Concordance

Julius Hamilton

unread,

Jul 6, 2021, 6:22:17 PM7/6/21

to nltk-...@googlegroups.com

Hey,

I'd like to perform a very simple function: convert a book - in this case an EPUB, which is a directory of files in XML, I believe - to a list of all the words present in the book, or as I believe it's called, a concordance.

The tool AntConc was recommended to me, but I don't think it's open source, even though free, and I can't run the executable on the system I'm on (Andronix).

I imagine this would be something NLTK could do. Could anyone recommend a method that would allow me to build a word list from some text files? The words in the list could be highly precisely distinguished, i.e. even sensitive to case, or maybe the list could be slightly smarter, i.e. able to recognize plural forms and convert to singular, for example.

Thanks very much,

Julius

ilia.k...@gmail.com

unread,

Jul 20, 2021, 4:37:40 AM7/20/21

to nltk-users

Hi Julius!

Assuming you don't care about the order in which these words occur and only want to track the unique words, you can probably get away with just using Python's built-in Counter. This can also give you frequencies, in case you decide you need those.
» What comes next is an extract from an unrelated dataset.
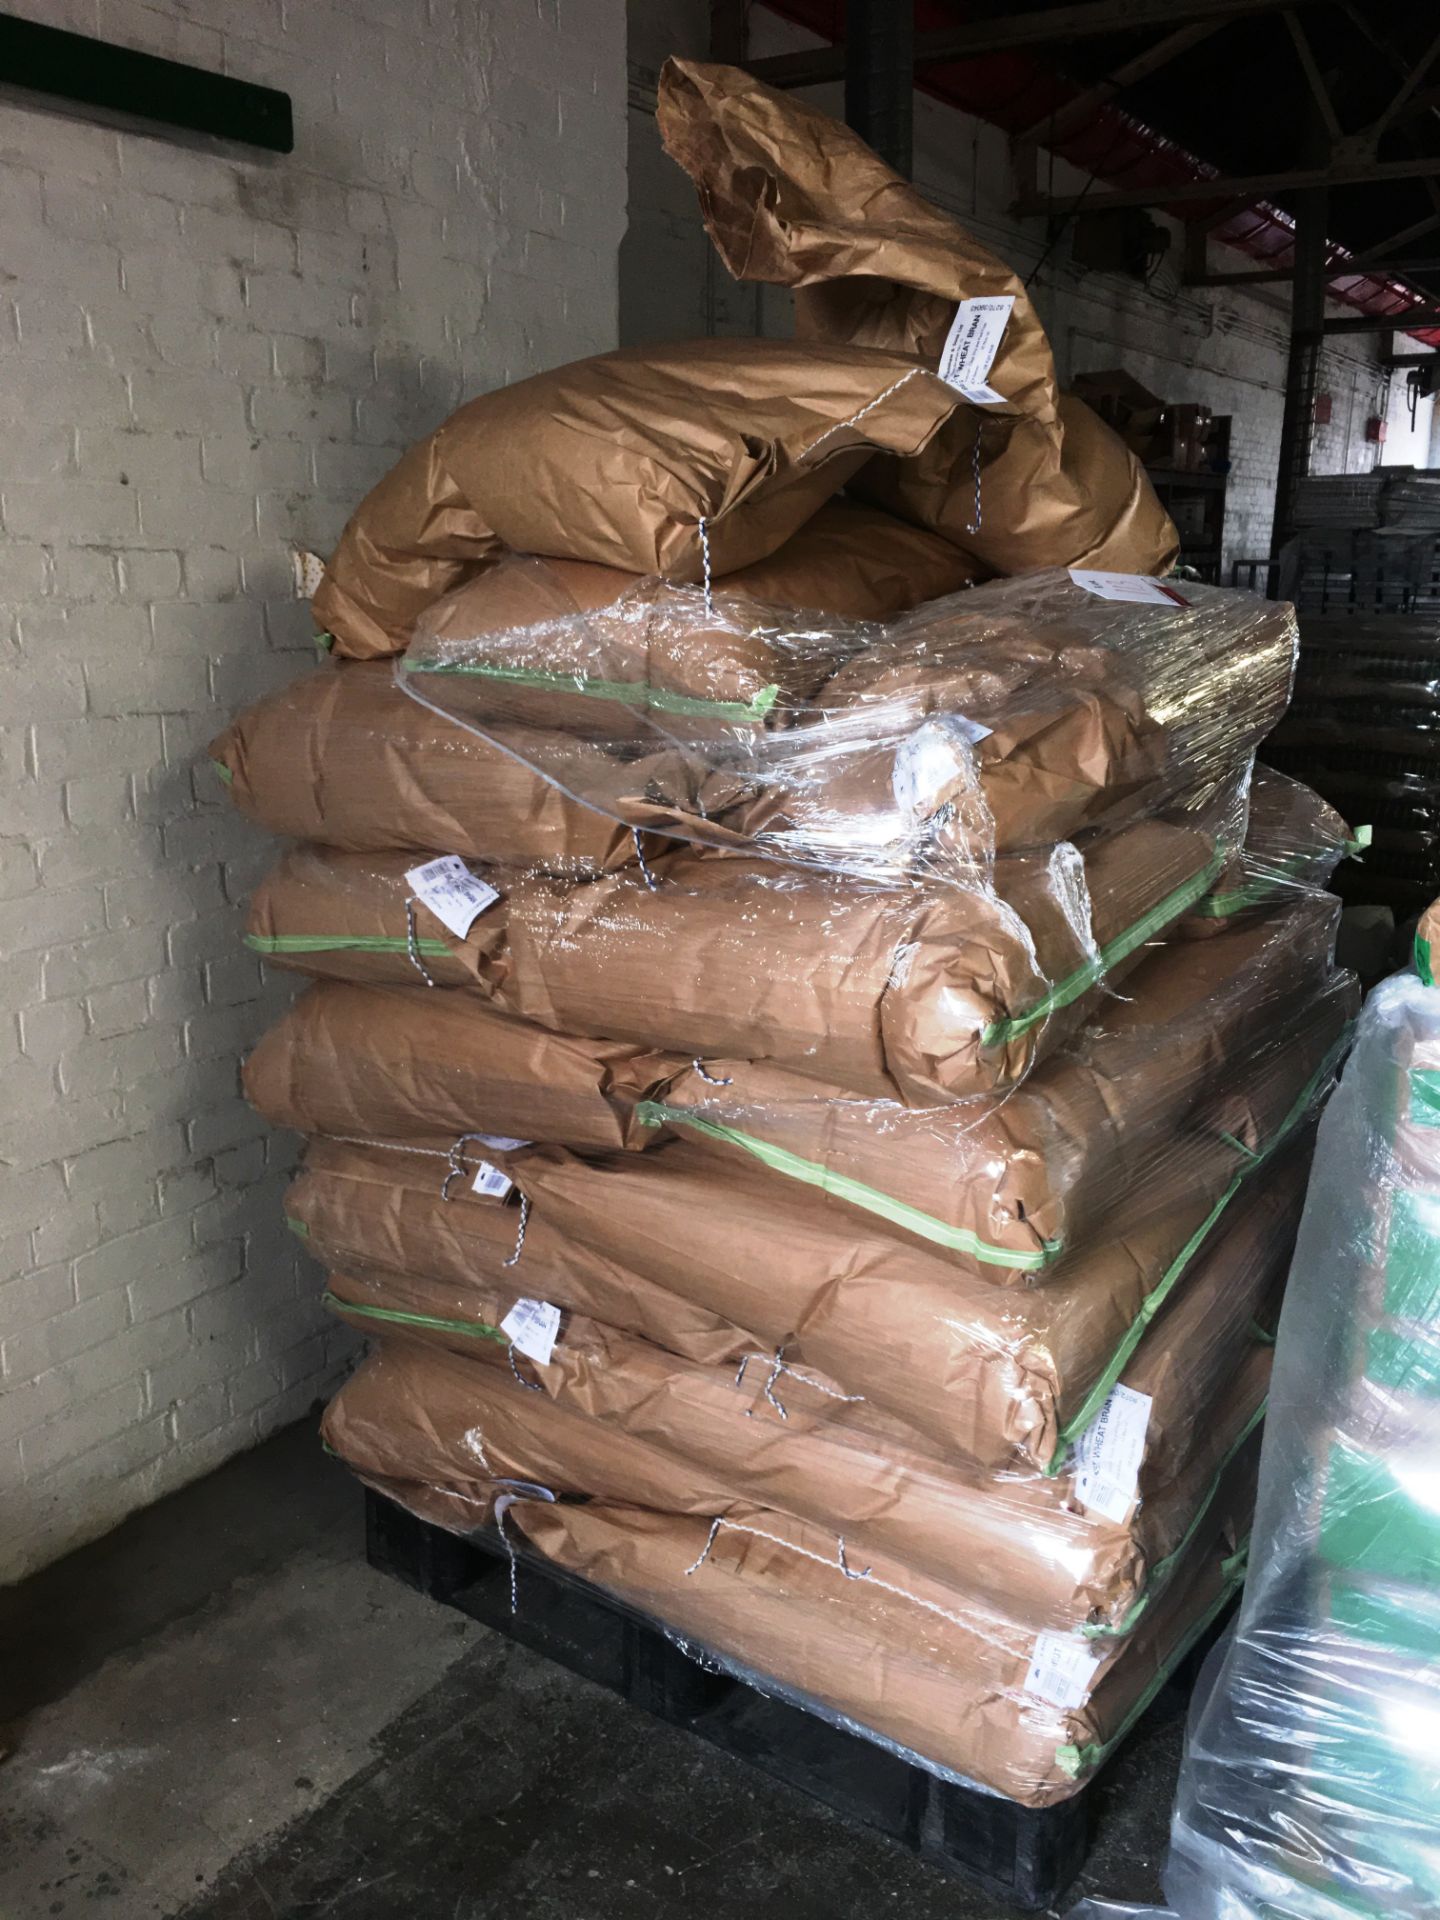 25 x 20kg Bags of Wheat Bran - PAST BEST BEFORE DATE

If I understood your task correctly, I would expect the bulk of the work to lie in extracting the text from EPUB's XML format.

I hope that helps,

Ilia

Julius Hamilton

unread,

Jul 25, 2021, 5:35:24 PM7/25/21

to nltk-...@googlegroups.com

Thanks very much.

Could you please provide some sample code for using the counter to generate a list of words from a text file/string?

Thanks very much,

Julius

--
You received this message because you are subscribed to the Google Groups "nltk-users" group.
To unsubscribe from this group and stop receiving emails from it, send an email to nltk-users+...@googlegroups.com.
To view this discussion on the web, visit https://groups.google.com/d/msgid/nltk-users/5fd579ff-d66d-4b31-8fba-f153c567ad28n%40googlegroups.com.

Jordi Carrera

unread,

Jul 27, 2021, 4:38:59 AM7/27/21

to nltk-users

Hey Julius,

I'm attaching some code to do what you describe, take a look and see if this is what you're looking for.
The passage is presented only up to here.